So they would require immutability, and they'd need to have a known size given their type, so value classes can't have subtypes of any kind (other than Never). So if the static type of an expression is a value class, then its value is guaranteed to have that value type as its dynamic type as well, so we will know for sure that it can be, say, allocated in 3 registers, and that we can freely copy it.

We might give identical a different semantics for these objects (e.g., based on a structural traversal as you propose), but I tend to prefer that identical keeps its low-level semantics (where we actually get to know that two objects are the same object, physically).

We could then use this very low-level identical as the fast path in an implementation of operator ==. The remaining cases would fall back to a structural comparison as you describe it (deeply, based on getters that are associated with final instance variables whose type is a value type, which is known because there are no subtypes, and comparing references for other getters). I would expect this operator == to be implemented by a macro, because there will always be special cases where any particular policy isn't the desired one, but I think this "deeply for values" traversal would be a rather useful special case.

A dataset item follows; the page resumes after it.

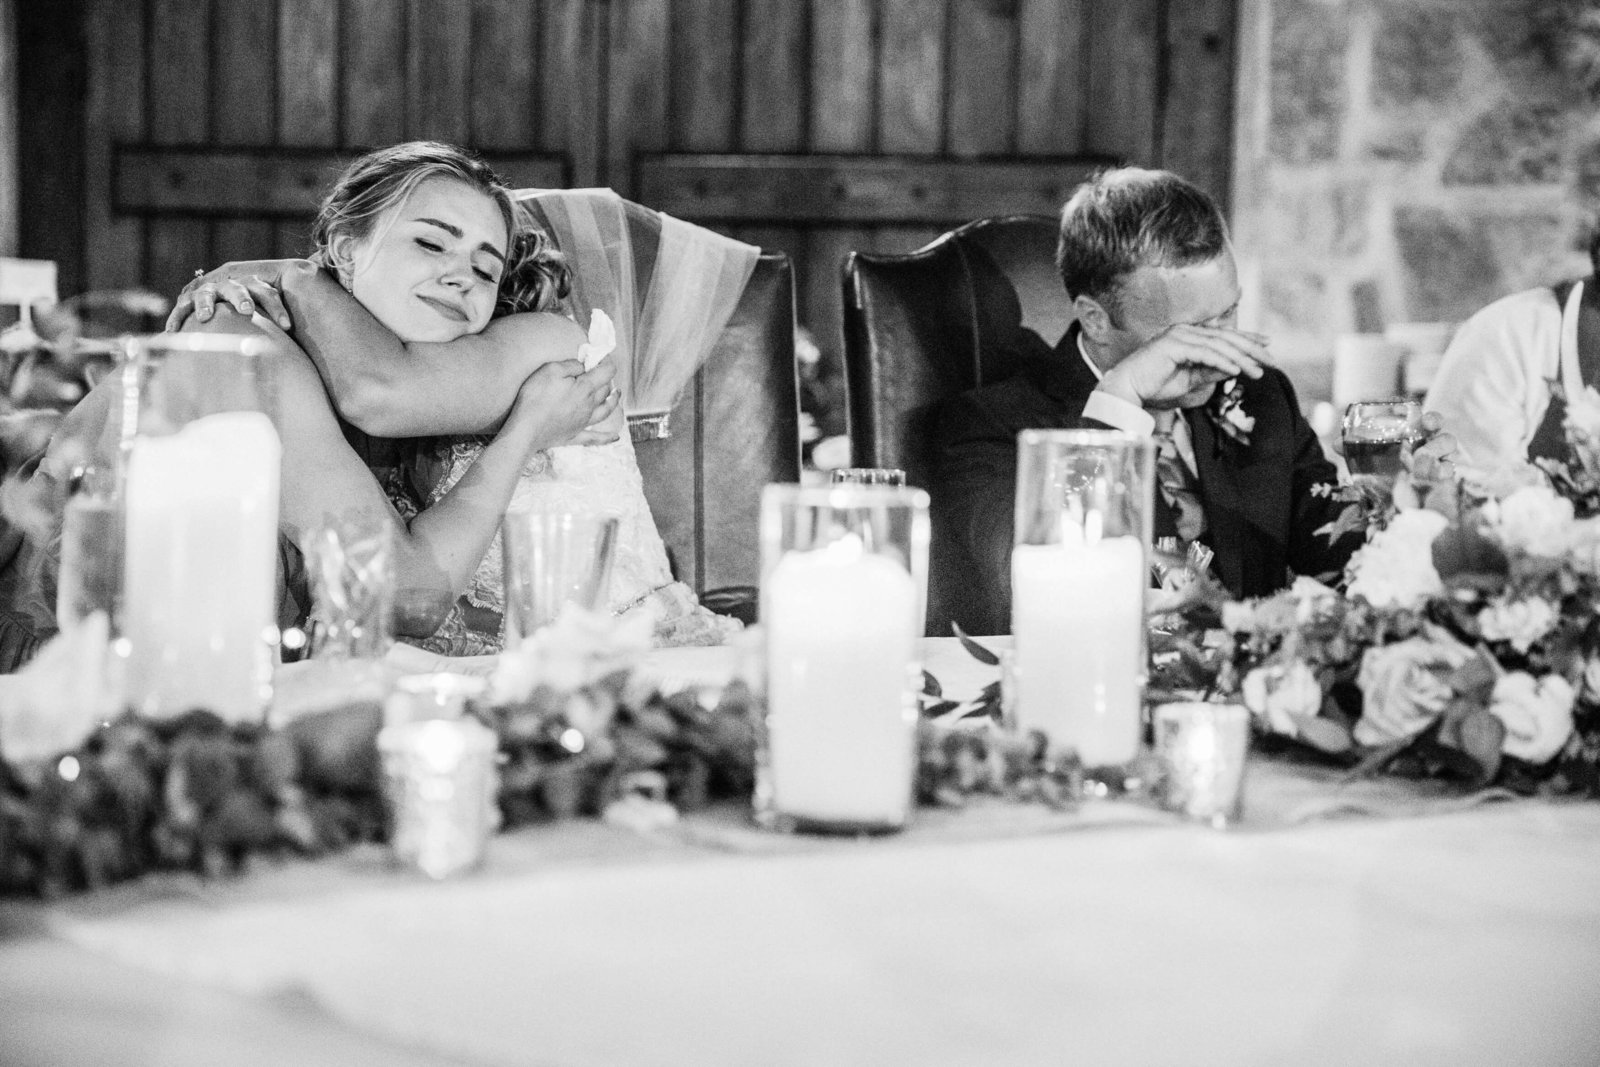 Swiftwater-Cellars-wedding-Lauren-Peter-June-22-by-adina-preston-photography-291

Would that address the concerns you had in mind?

mraleph commented 2 years ago

I think we can choose to package things like immutability and structural identity together, but strictly speaking it is not required.

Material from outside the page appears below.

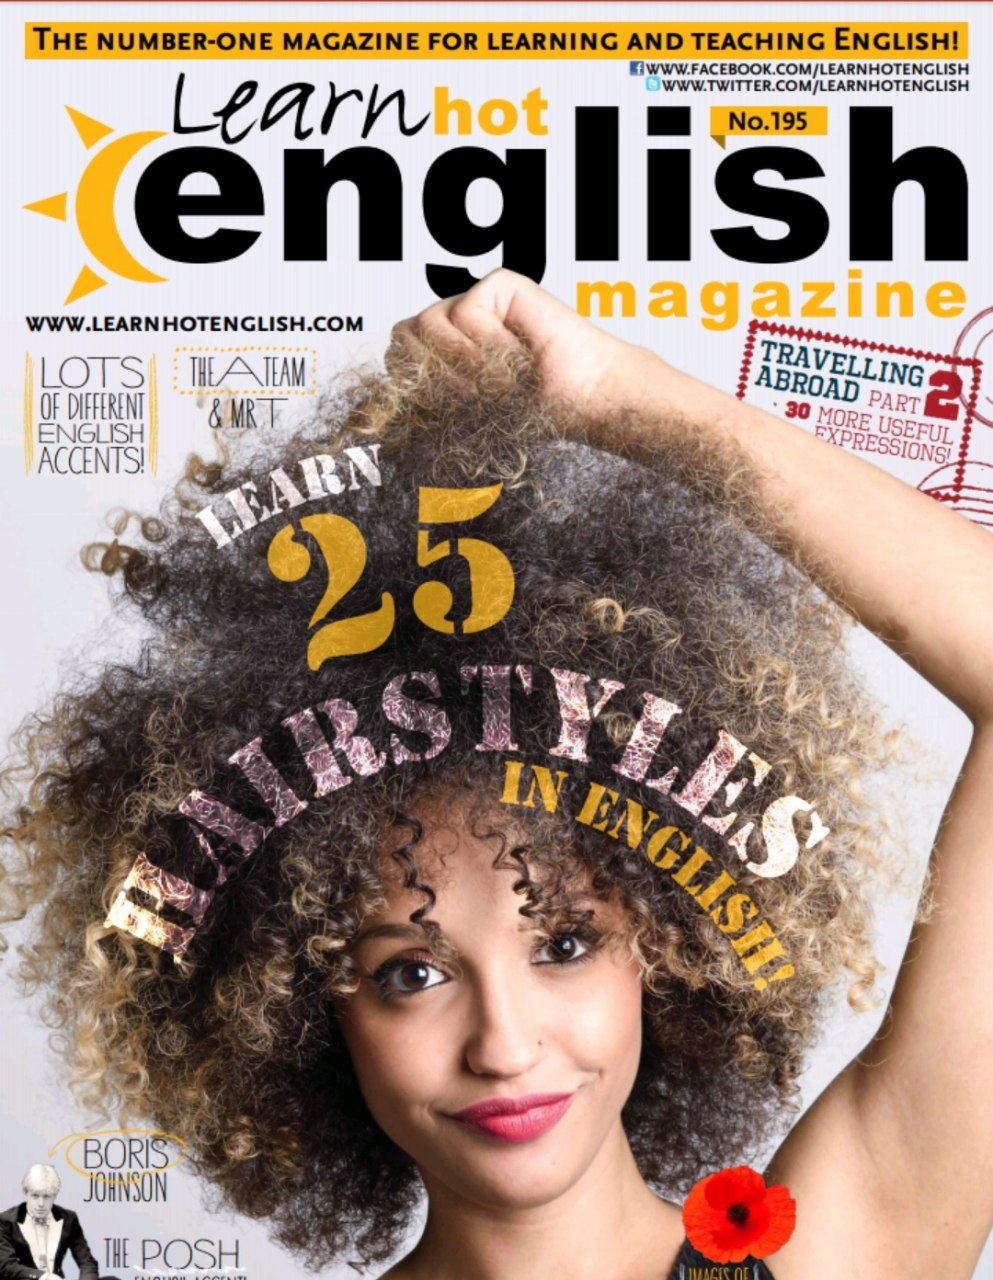 Название английских журналов. Hot English журнал. Learn hot English. Английские журналы. Learn hot English Magazine.

Things like immutability, excluding cycles and not having subtypes are required for reliable unboxing, but not a not related to how we define identical operation. Unboxing can only ever be observed through identical and as such it can be relegated to implementation detail - that's why I am primarily concerned about identical and less so about additional restrictions which allow to guarantee unboxing.

I also want to highlight that naive unboxing of arbitrary large structural types is likely going to be detrimental to performance.

Requiring no super-class or super-interface prevents an object with structural identity from flowing into a context where we need to check first before doing the identical check (other than Object and dynamic). I think that's too strict, and also not sufficient.

It's not sufficient because it still doesn't help with identical calls on Object or dynamic or any type variable with those as bounds. Might as well allow other types too. If it's necessary, it's necessary.

My suggestion does not come out of nowhere - it is based on the experience with optimising identical for the VM, where we see that optimisation which simply checks if neither arguments can be a subtype of num is actually good enough to catch and optimise identical to pointer comparison on hot paths.

I tend to prefer that identical keeps its low-level semantics (where we actually get to know that two objects are the same object, physically).

That already does not work for double and int types. Similarly if we eventually want to use JS records/tuples to back Dart's records we will not be able to observe the identity.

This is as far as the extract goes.